春分过后,花田里的花开了更多。玫瑰开了第二茬,比第一茬更红更艳。茉莉开了第一茬,白色的花朵在绿叶间像星星。栀子也开了,香气浓郁,隔着老远就能闻到。黑田每天在花田里忙碌,浇水、施肥、除草、剪枝。她的手越来越粗糙,指甲缝里永远有泥,但她的脸越来越亮,眼睛越来越有神。
菜地里,番茄苗长高了一截,黄瓜苗开始爬藤,辣椒苗也冒出来了。黑田给它们搭了架子,用竹竿和麻绳,整整齐齐的,像一排小士兵。
麒麟来的时候,黑田正在给番茄绑蔓。
“我来帮你。”麒麟蹲下来,接过她手里的麻绳。
“你会吗?”
“不会。你教我。”
黑田教他,怎么绑不会勒伤茎秆,怎么留出生长空间,怎么打结才牢固。麒麟学得很认真,绑出来的蔓比黑田绑的还整齐。
“你学东西真快。”黑田说。
“活久了,什么都要学一点。”
“那你以前学过种菜吗?”
“没有。以前不需要。”
“现在需要了?”
麒麟绑好一株番茄,又拿起另一株。“现在需要。”
黑田看着他,阳光照在他赤红色的头发上,照在他专注的侧脸上。她忽然觉得,这个人不管做什么都很认真——打架认真,守护认真,种菜也认真。认真的男人,好看。
“麒麟,”她说,“你以后不用每周都来。”
麒麟的手停了一下。“为什么?”
“你可以每天都来。”
麒麟抬起头,看着她。黑田的脸有点红,不知道是晒的还是别的什么原因。
“好。”他说。
“你又说‘好’。”
“不然说什么?”
“你可以说‘行’。”
“行。”
黑田笑了。她蹲在番茄架旁,笑得像个孩子。
青石镇,三月末。
一个陌生人来到了镇上。是个年轻女人,二十五六岁,短发,戴眼镜,背着双肩包,穿着冲锋衣,一看就是城里来的。她在镇上转了一圈,最后停在了面馆门口,抬头看了看那块“回家面馆”的匾额。

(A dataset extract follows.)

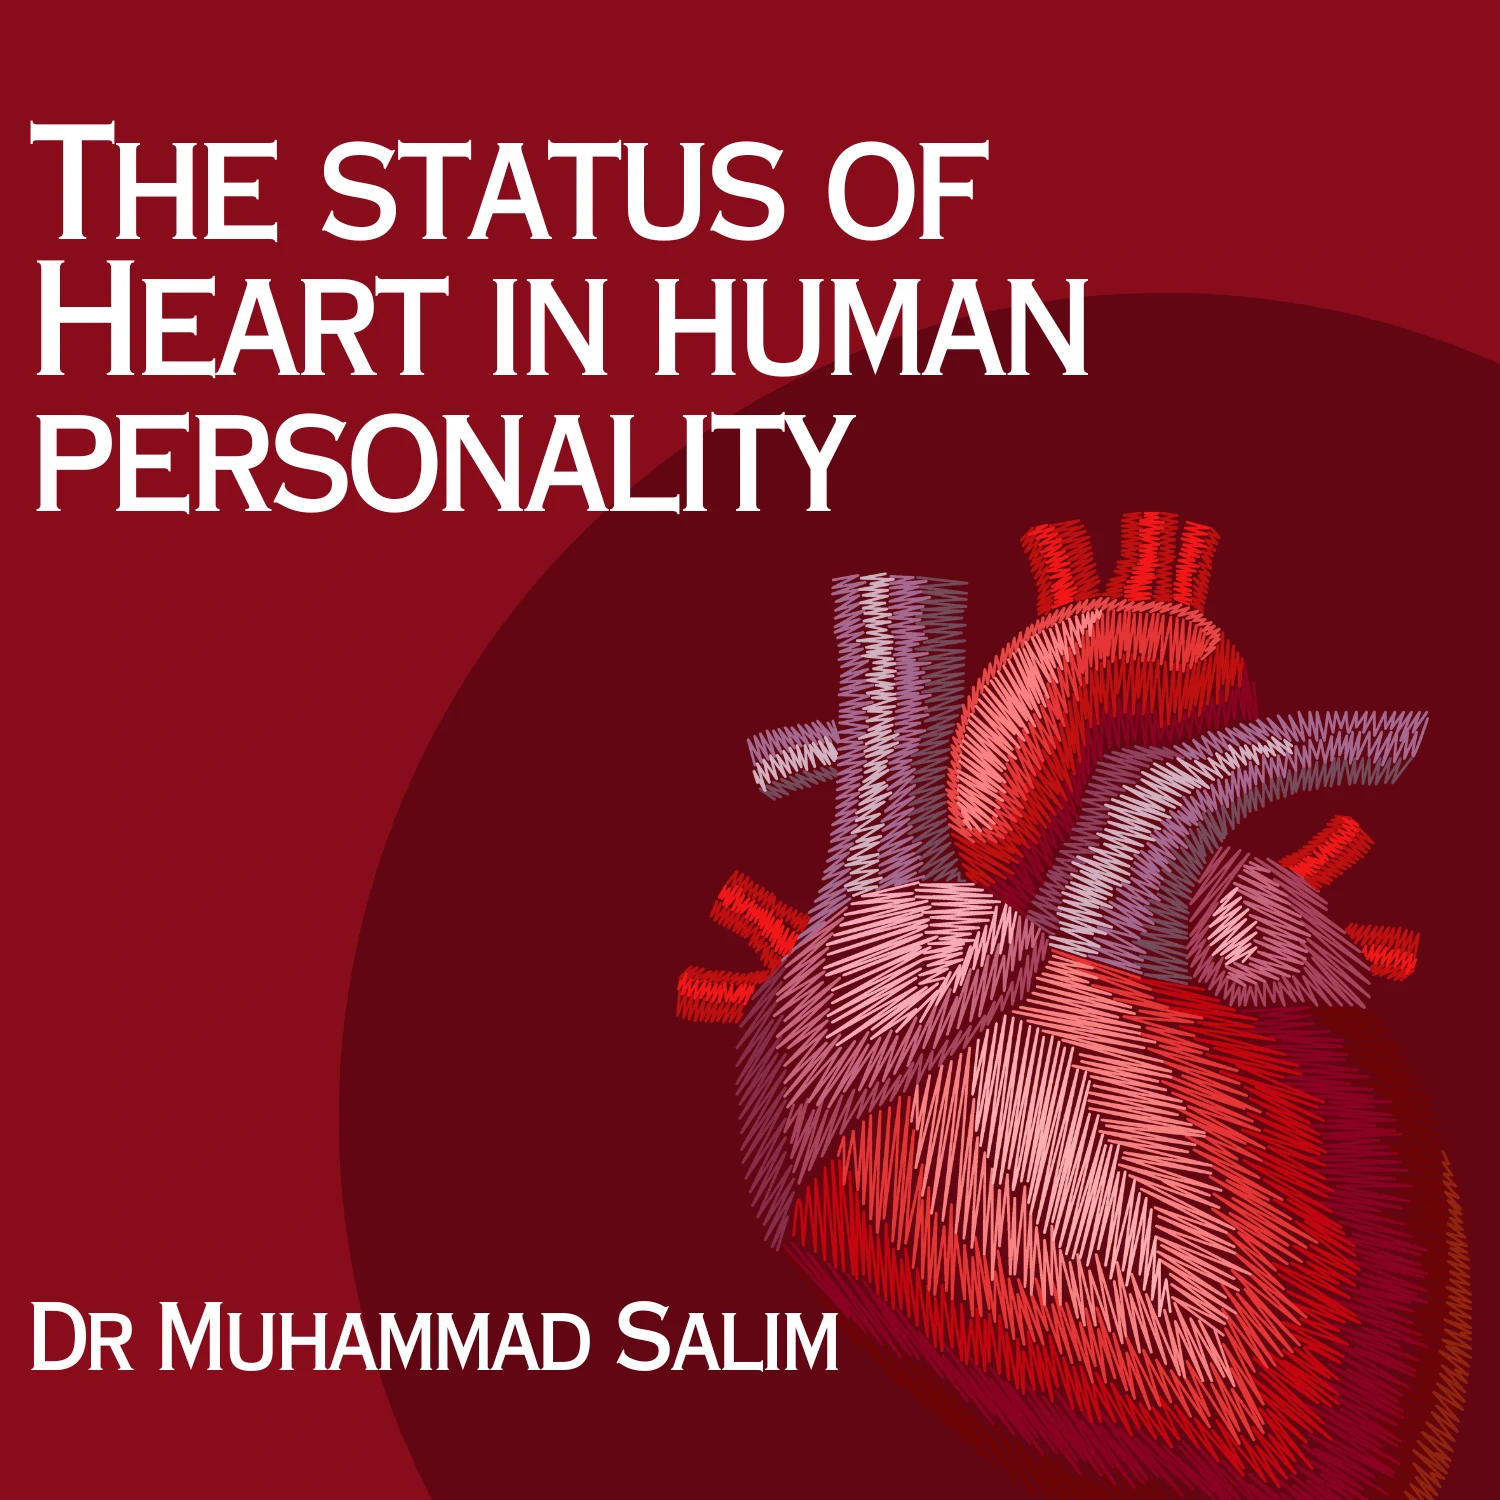 The Status of heart in Human Personality

美诚正在店里忙活,看见门口站着个人,招呼道:“进来坐,吃面还是饺子?”
年轻女人走进来,坐在靠窗的位置上。“一碗面。‘回家面’。”
美诚看了她一眼,转身进厨房。不一会儿,面端上来了,汤清面白,葱花翠绿,几块牛肉码得整整齐齐。年轻女人低头吃了一口,又吃了一口,忽然停下了。
“怎么了?”美诚问。
“这个味道……”年轻女人摘下眼镜,擦了擦眼角,“跟我妈做的一个味。”
美诚愣了一下。“你妈也是开面馆的?”
“不是。我妈是家庭主妇,她做的面就是这个味。小时候我每天上学前,她都给我做一碗。”年轻女人笑了笑,“后来她走了,我就再也没吃过这个味道。”

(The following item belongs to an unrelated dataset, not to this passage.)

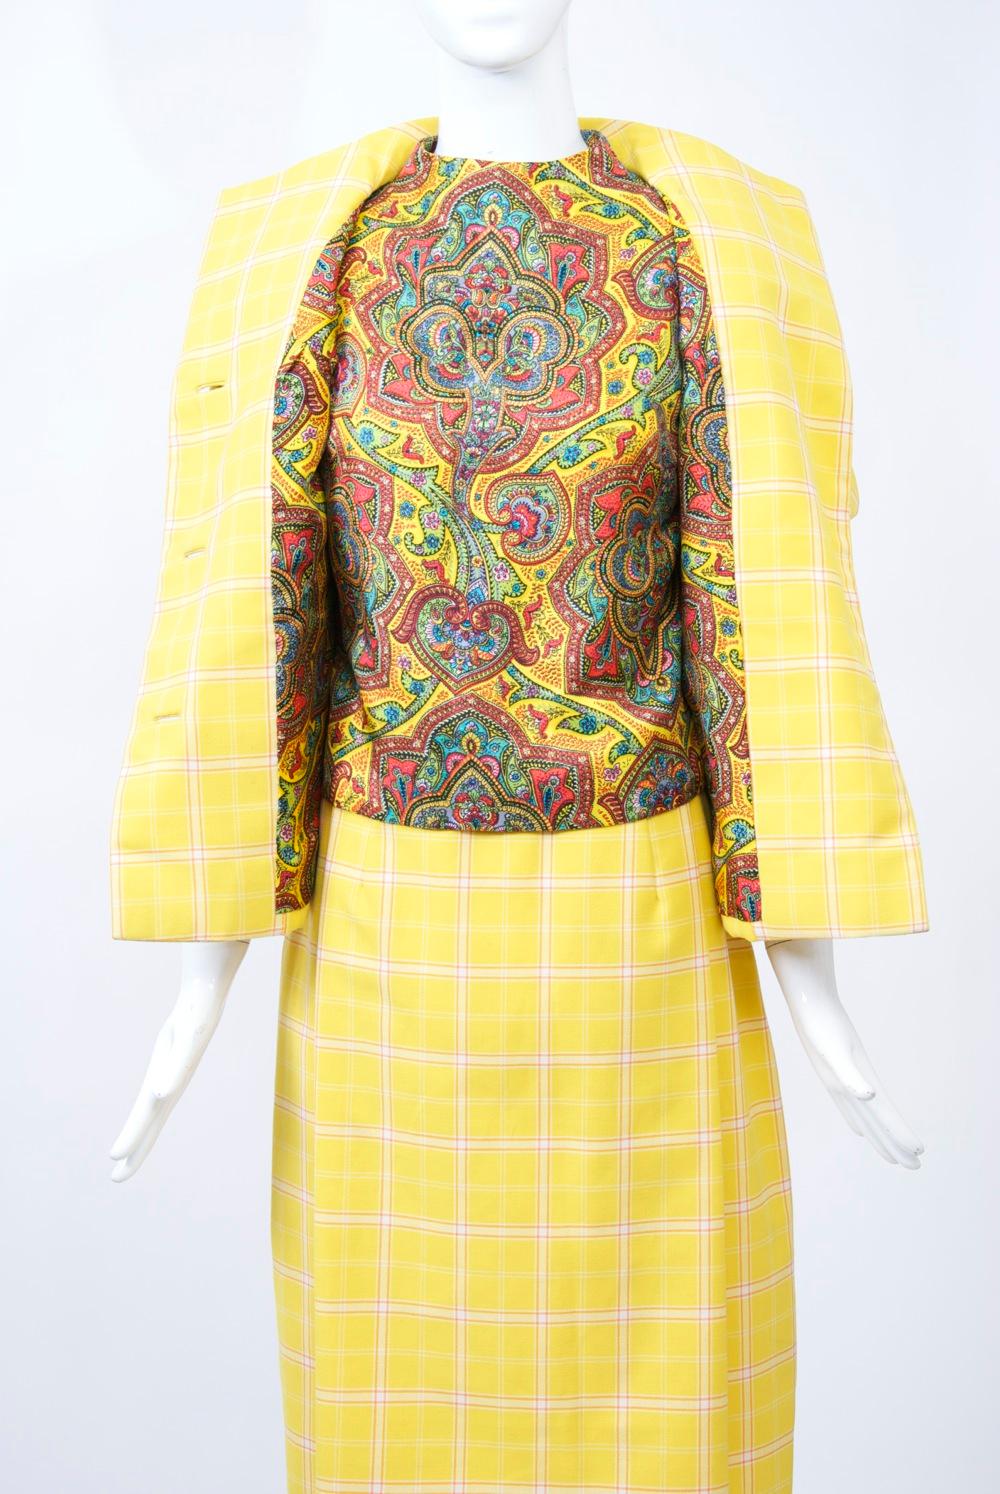 Early Bill Blass spring suit in yellow windowpane plaid worsted wool, the jacket lining and sleeveless shell in complementary silk paisley. The short-sleeve jacket features a funnel neckline, diagonal seaming from underneath the raglan sleeves to

美诚没有说话。她转身回到厨房,靠在灶台边,看着锅里的汤咕嘟咕嘟地冒泡。小婉在旁边小声问:“美诚姐,她怎么了?”
“想家了。”
“哦。”
小婉没再问。她继续揉面,手很稳,心也很静。美诚看着锅里的汤,忽然想起白虎说过的话——你每天来,就是对我好。每天来,每天做同一件事,每天出现在同一个人面前。这就是日子。日复一日,年复一年,把平凡的事情重复做,做到不平凡。一碗面,可以让人想起妈妈。一个面馆,可以让人找到回家的感觉。这就是她的面馆的意义。
年轻女人吃完了面,付了钱,走到门口,回头看了一眼。
“老板,你叫什么名字?”
“美诚。”
“美诚姐,谢谢你。这碗面,让我感觉我妈还在。”
她走了。美诚站在门口,看着她的背影消失在街角。阳光照在她身上,暖洋洋的。她低下头,看着自己的手。这双手曾经可以捏碎钢铁,现在可以煮出一碗让人想家的面。她觉得,这比任何力量都有意义。
昆仑山脚下,花田边。
黑田的房子旁边,麒麟帮她搭了一个凉棚。四根木桩,一个顶,上面爬满了葡萄藤——是麒麟从长白山带回来的野葡萄苗,种了两个月,已经爬了半棚子。黑田在凉棚下面放了一张木桌,两把椅子,桌子上摆着她自己晒的菊花茶。每天傍晚,她会坐在这里,看着花田,看着菜地,看着远处的山。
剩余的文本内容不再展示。